“Get your beauty sleep” is an understatement, and we all need sleep to survive. Studies show that teenagers and all adults should get, on average, 7-9 hours of uninterrupted sleep each night. However, the reality is drastically different. The average American adult sleeps six hours each night with hopes of stacking sleep on the weekends, a very unhealthy habit. Unfortunately, we live in a busy society where we are constantly turned “on”. As a result, we have difficulty falling asleep or staying asleep.
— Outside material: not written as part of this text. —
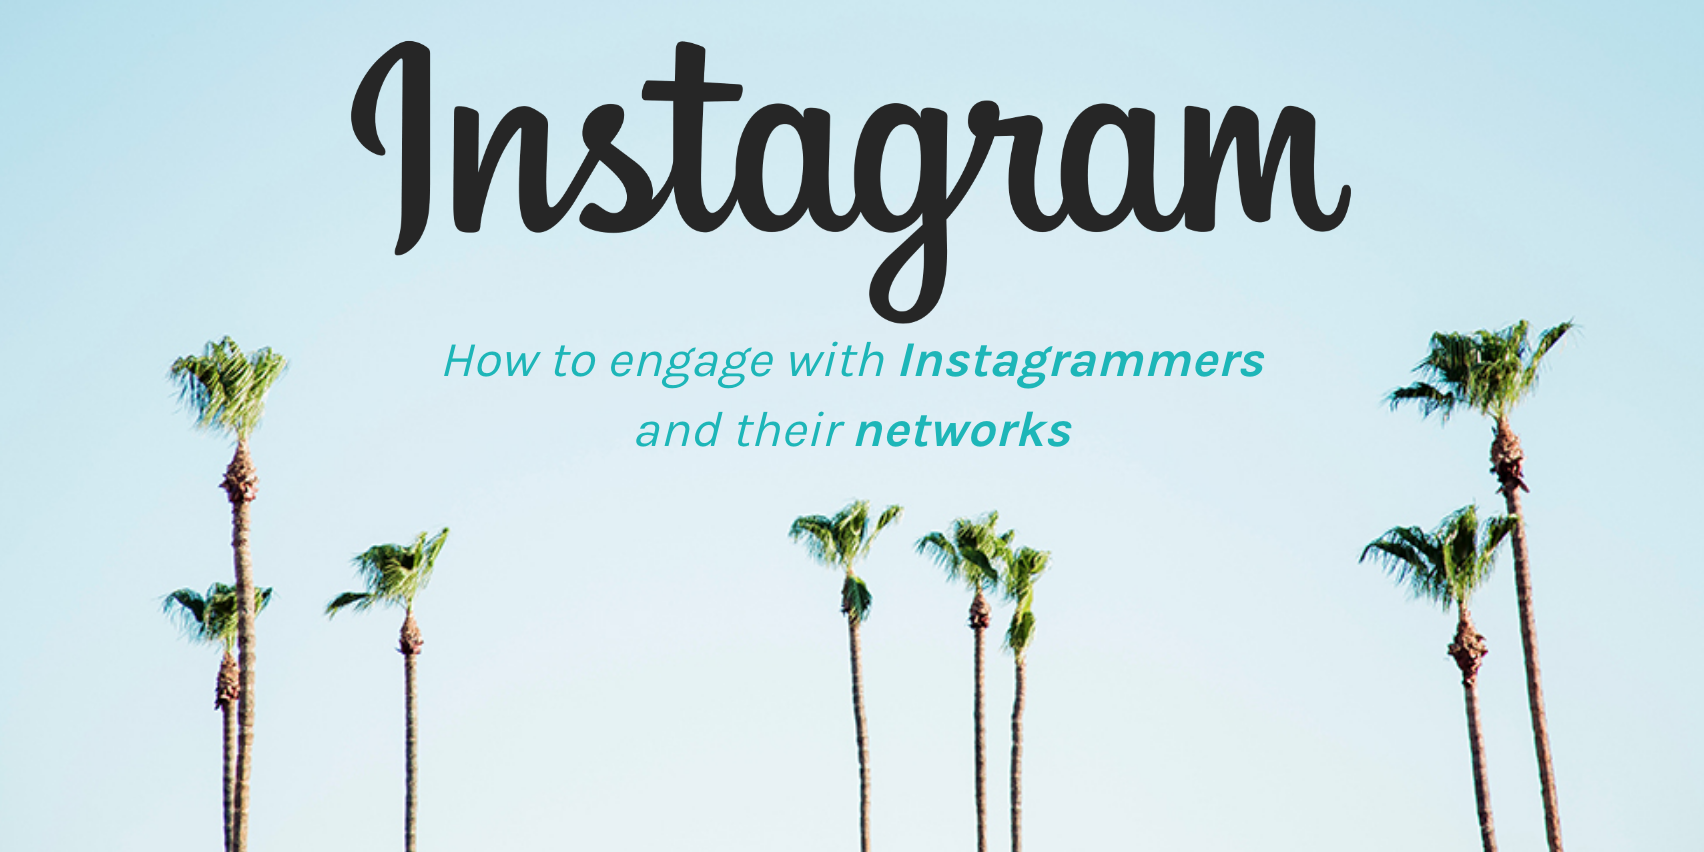 Audiense blog - How to engage with Instagrammers and their networks

Many of us fall asleep with our phones or to the sound of the television, two unhealthy sleep habits that can prevent us from feeling rested and energized the next day.
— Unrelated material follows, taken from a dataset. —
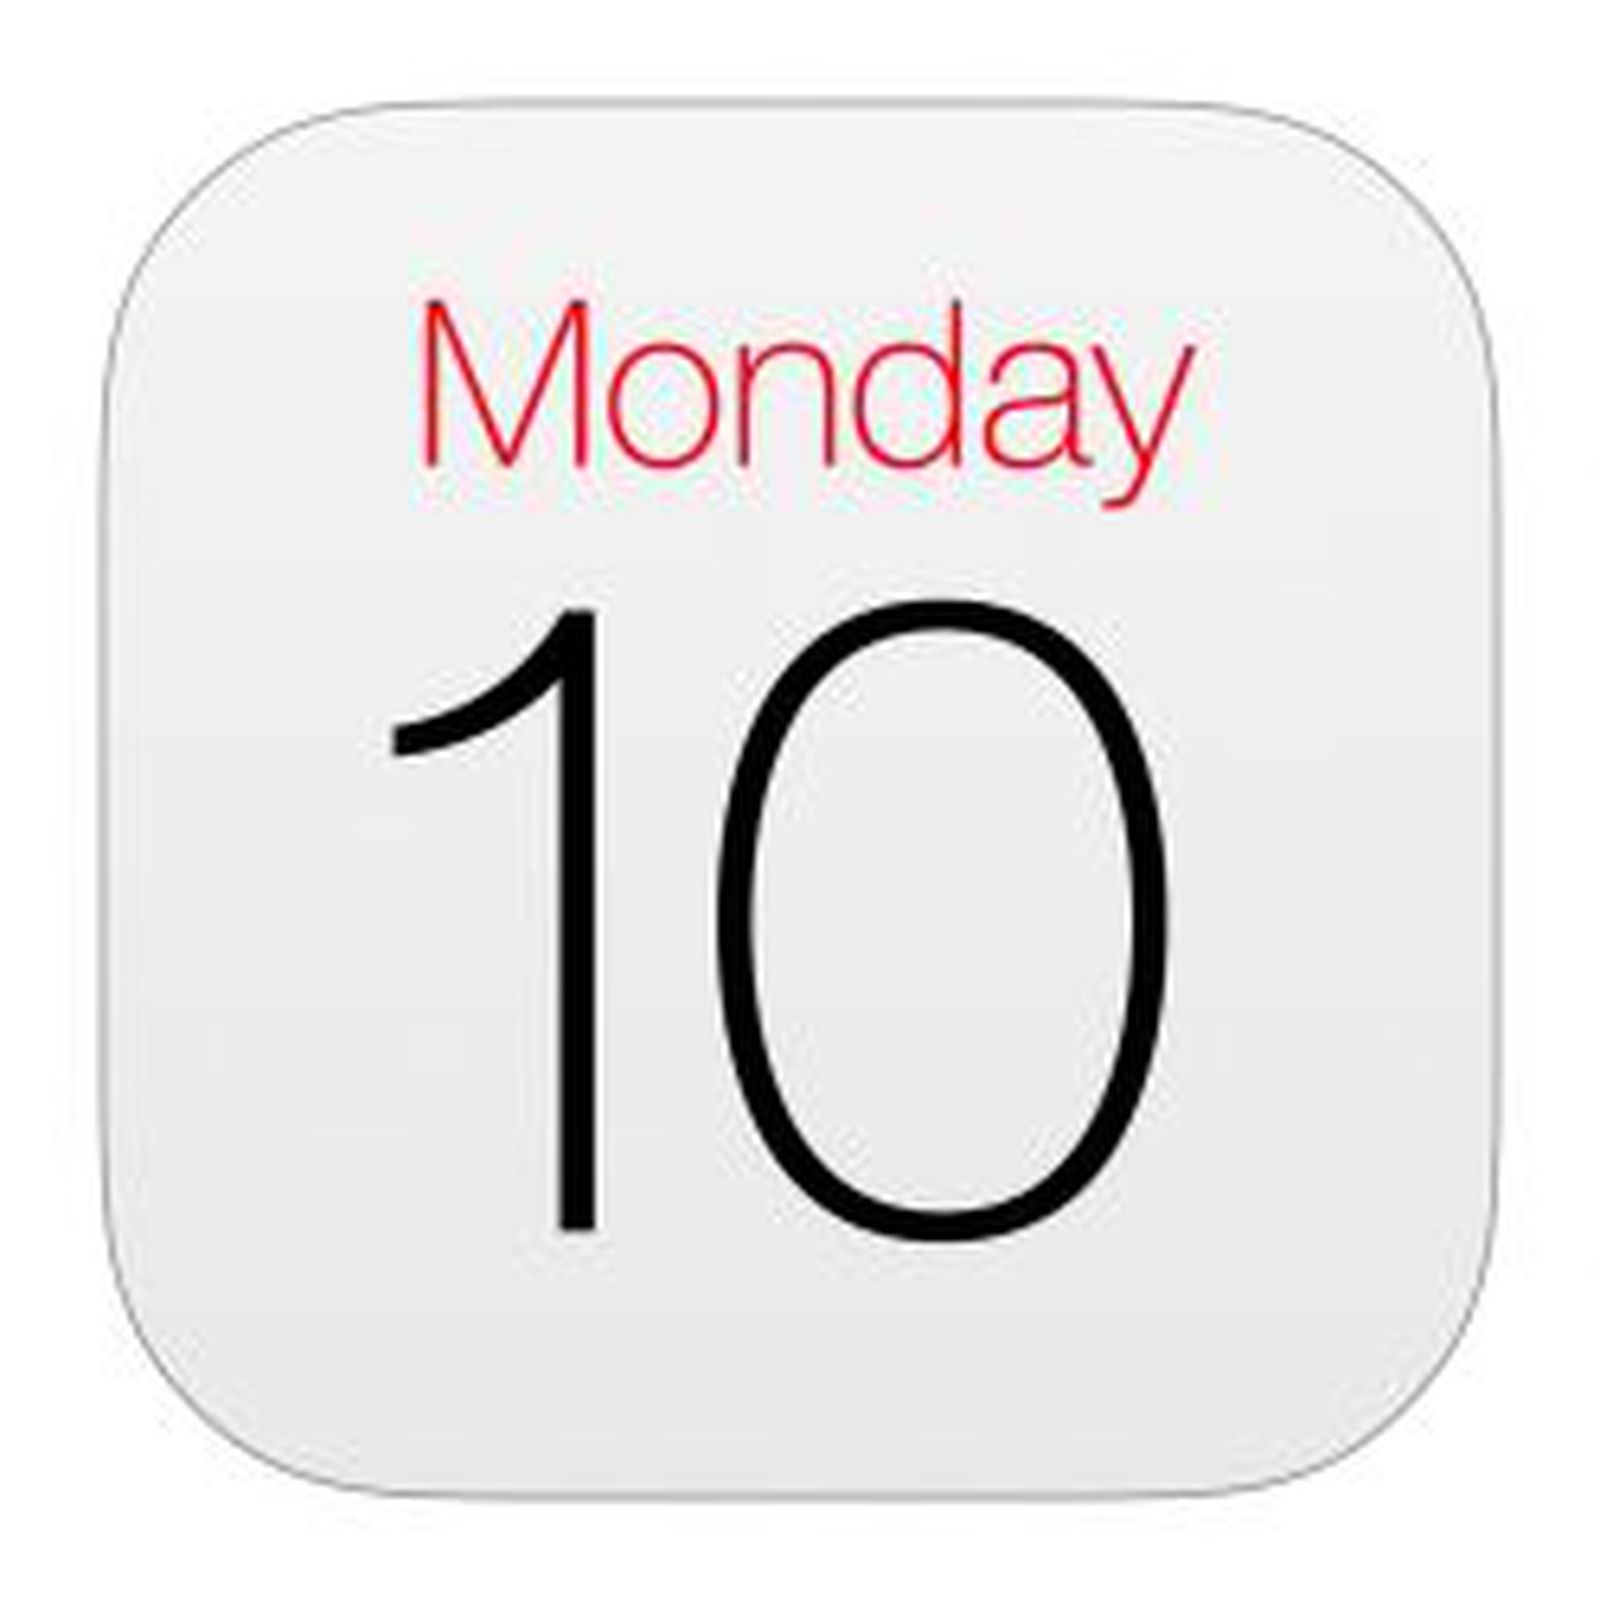 how-to-add-attachments-to-calendar-events-in-ios-macrumors

The reality is that we have created a society focused on poor sleep habits, long workdays, and limited vacation, so, therefore, we are exhausted continuously. Still, we cannot fall asleep because we are simultaneously too busy. As a result, we sometimes turn to sleep-aids to help us get a little more “shut-eye.”
March is dedicated to Sleep Awareness Week and World Sleep Day to educate individuals about good sleep hygiene while also shedding light on the potential dangers of pharmaceutical sleep aids.
What are sleeping pills?
Sleeping pills, which can be over the counter or prescription, fall into a category of drugs formally known as “sedative hypnotics.” These sleep medications work by slowing down the activity of the brain to induce sleep. There are two types of sleep: REM, when people dream, and non-REM, which has a light, medium, and deep portions. Sleeping pills mainly increase the amount of medium-depth non-REM sleep.
Examples of sleep aides
Many people experience better sleep while taking sleep aids, but there is also a large proportion of individuals who wake up feeling groggy, confused, anxious, and hung-over. Sleep aids can be restorative for the right person, but they can also come with addiction potential. There are multiple classes of “sedative-hypnotics” which include the following:
- Benzodiazepines and barbiturates: alprazolam (Xanax), diazepam (Valium), lorazepam (Ativan), and quazepam (Doral).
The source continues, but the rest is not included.